Les autorités ukrainiennes remettent également en question la liste en ligne russe des morts ou des blessés. Andriy Yusov, un responsable du ministère de l’Intérieur et des Communications, a déclaré que certains soldats figurant sur la liste se trouvaient ailleurs au moment de l’explosion.
L’ONU prévoit de lancer une mission d’enquête.
Ce que les preuves montrent jusqu’à présent
Des vidéos de la prison diffusées le matin du 29 juillet par les médias russes montrent des signes d’un incendie intense. Mais la structure est pratiquement intacte, à l’exception du toit. Les corps carbonisés des victimes sont visibles sur les couchettes et sur le sol. D’autres corps, montrant peu de signes d’exposition au feu, sont filmés à l’extérieur du bâtiment. Le nombre de corps visibles dans cette première série de vidéos est bien inférieur aux 50 soldats ukrainiens qui, selon le ministère russe de la Défense, ont été tués.
Les six experts, dont des enquêteurs sur les incendies criminels, des ingénieurs et des analystes en armement, ont mis en garde contre toute conclusion ferme sur l’attaque. Mais la plupart ont convenu que les preuves visuelles disponibles des conséquences ne portaient pas les caractéristiques d’une attaque HIMARS.
George William Herbert, professeur agrégé au James Martin Center for Nonproliferation Studies à Monterey, a déclaré au Post que même s’il y avait des preuves d’une explosion quelconque, les dommages semblaient incompatibles avec une attaque impliquant HIMARS, qui lance des roquettes sans ogives incendiaires. . .
“Je ne sais pas comment vous passez d’une ogive explosive mais pas incendiaire à un feu comme ça”, a déclaré Herbert. “Je vois des lits dans la zone centrale du sol explosés ou tordus à cause d’une explosion, mais aucun signe qu’il s’agissait d’une ogive de fusée.”

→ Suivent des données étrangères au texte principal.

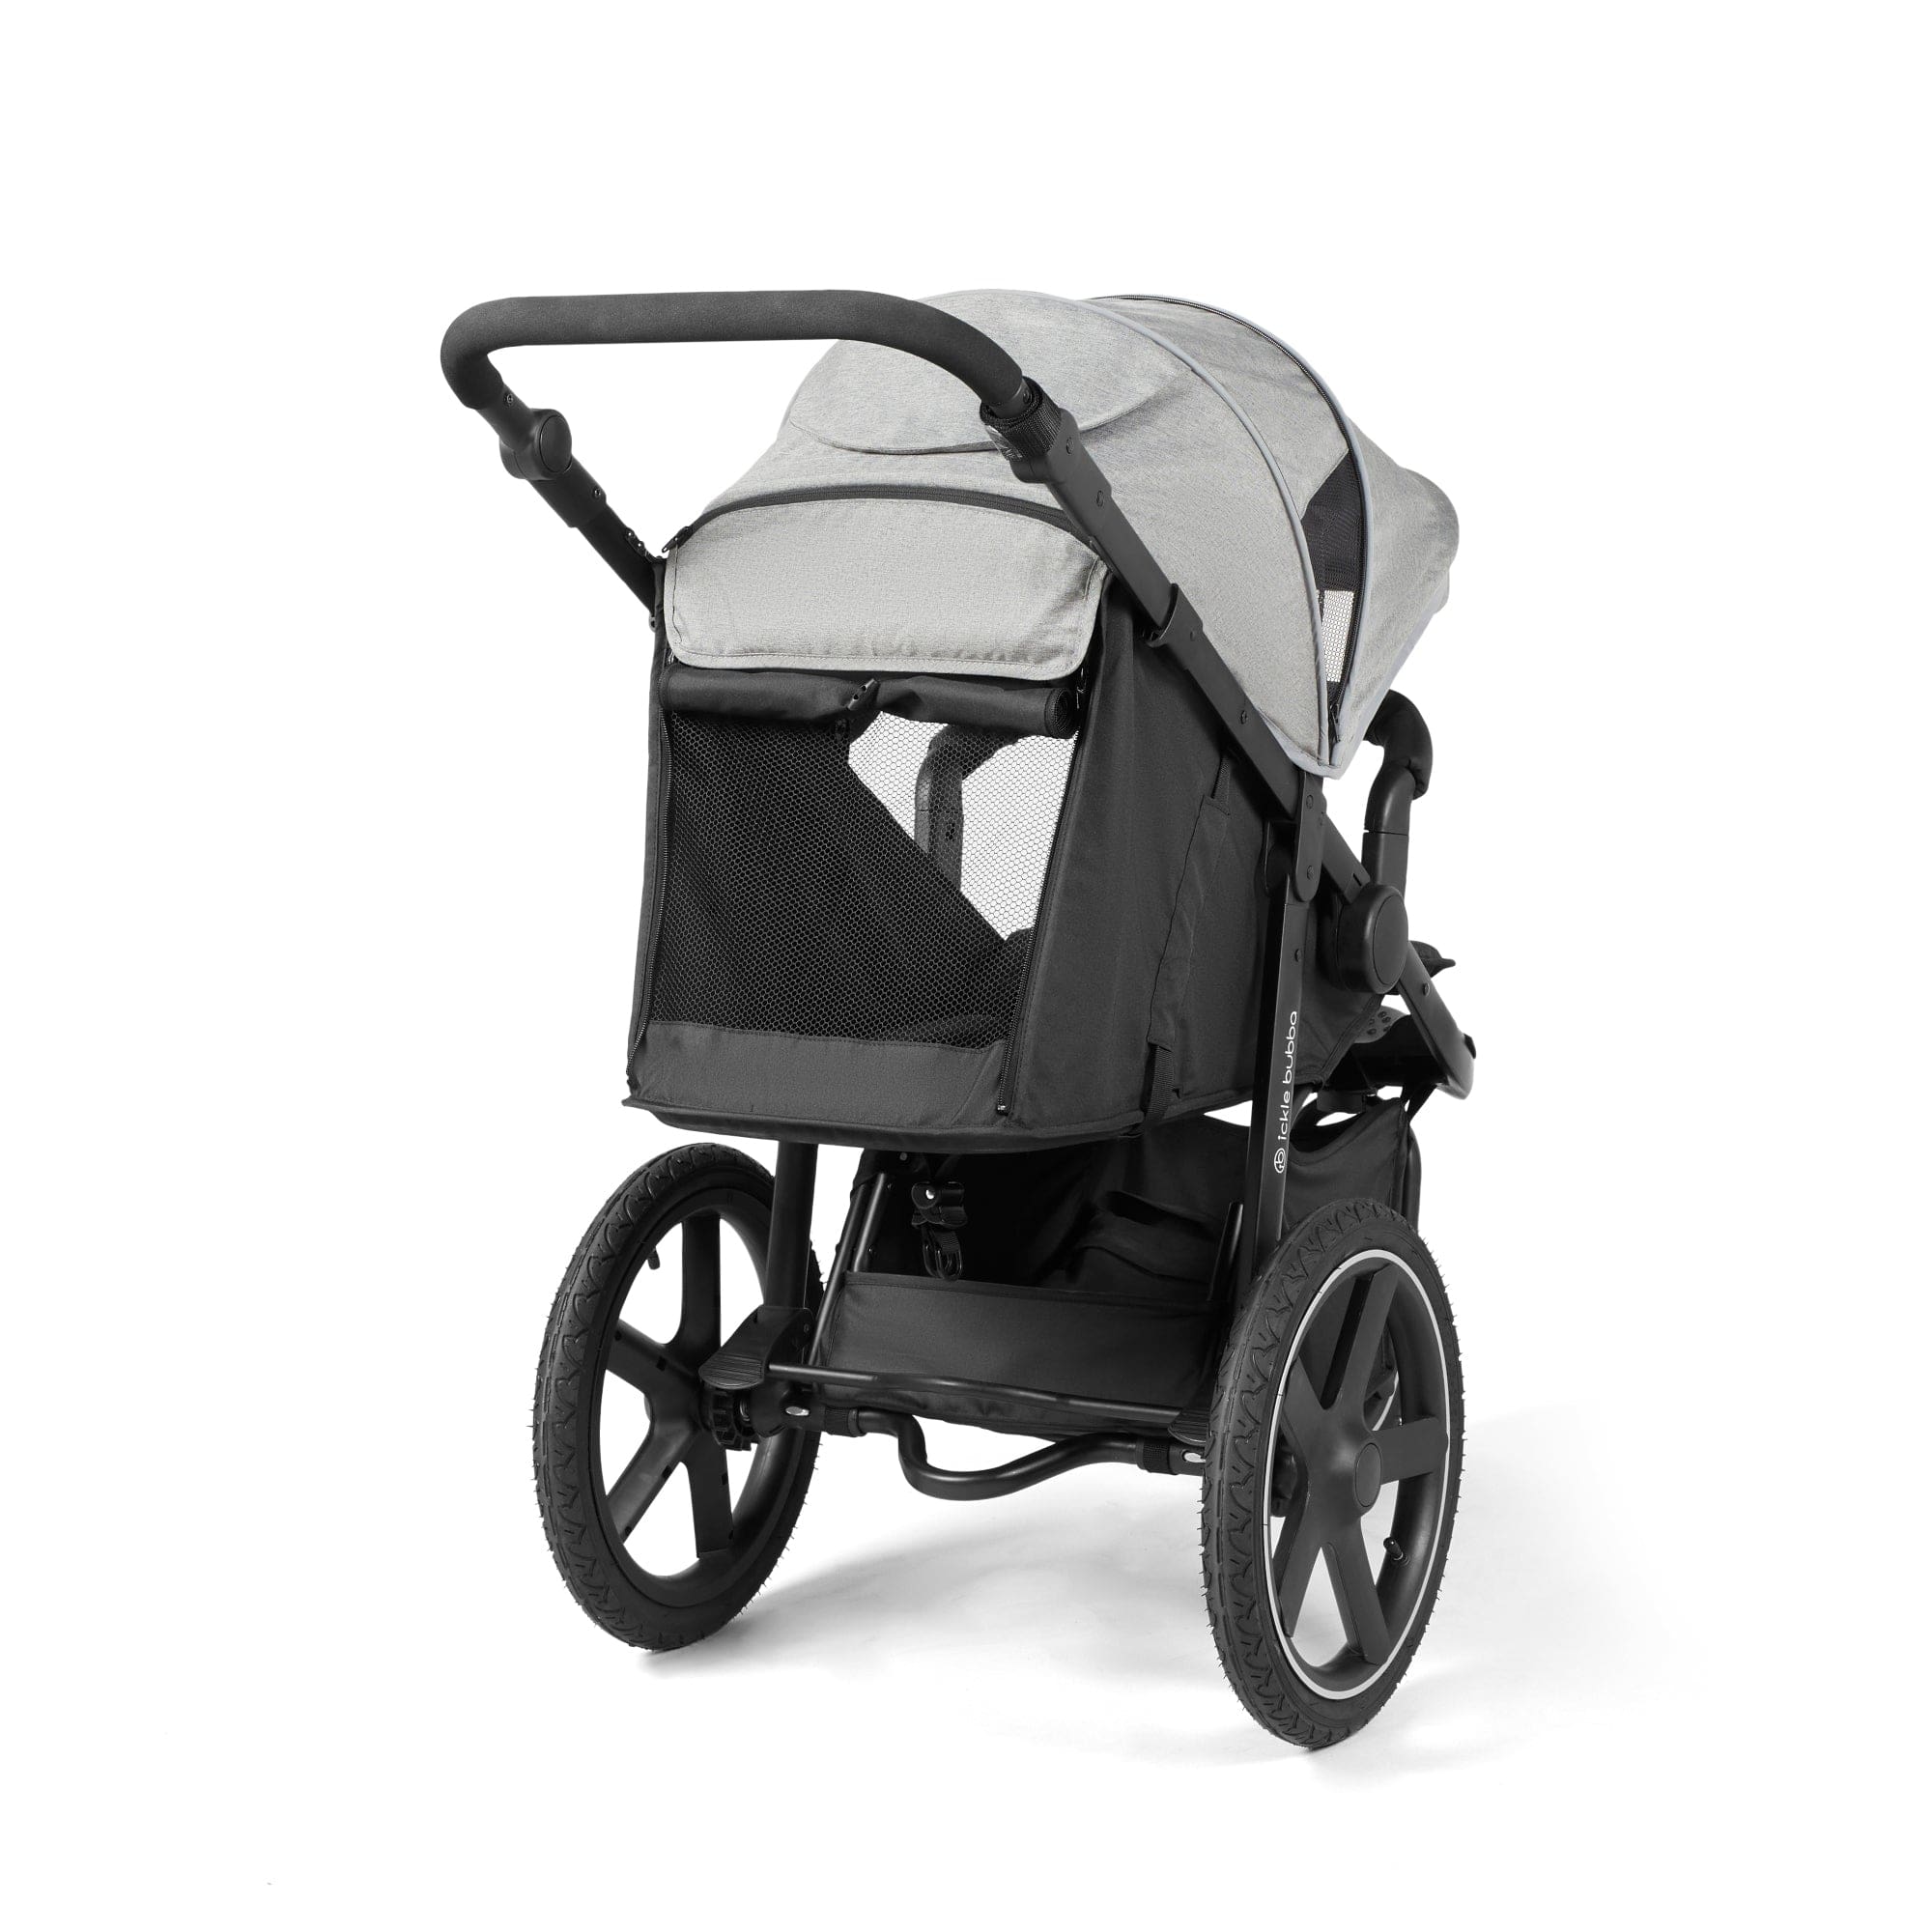 Ickle Bubba Venus Prime Jogger Stroller I-Size Travel System in Black/Space Grey with Base 3 Wheelers

Des parties du toit métallique du bâtiment se sont effondrées vers l’intérieur, mais manquaient en grande partie des grandes marques de brûlure visibles ailleurs. Herbert a déclaré au Post qu’il avait suggéré que le toit s’était effondré après une première explosion ou un incendie.
“Les dommages structurels extrêmement mineurs aux murs semblent incompatibles avec les effets attendus de la fusée HIMARS standard”, ont écrit les analystes du fournisseur de renseignements de défense Janes dans une évaluation pour The Post.
Janes a également déclaré que l’opération élaborée dont la Russie accuse l’Ukraine aurait été difficile à réaliser, nécessitant une précision et une coordination extraordinaires, ainsi que des mises à jour en temps réel sur le mode de vie à l’intérieur.
Si la Russie était à blâmer, “ce serait clairement un crime de guerre”, a écrit William Schabas, professeur de droit international à l’Université Middlesex de Londres, dans un e-mail.
Si l’Ukraine a ciblé ses propres soldats, comme l’a affirmé Moscou, il s’agissait très probablement d’un “crime ordinaire de meurtre” plutôt que d’un crime de guerre, a déclaré Schabas.
John Hudson et David L. Stern ont contribué à ce rapport.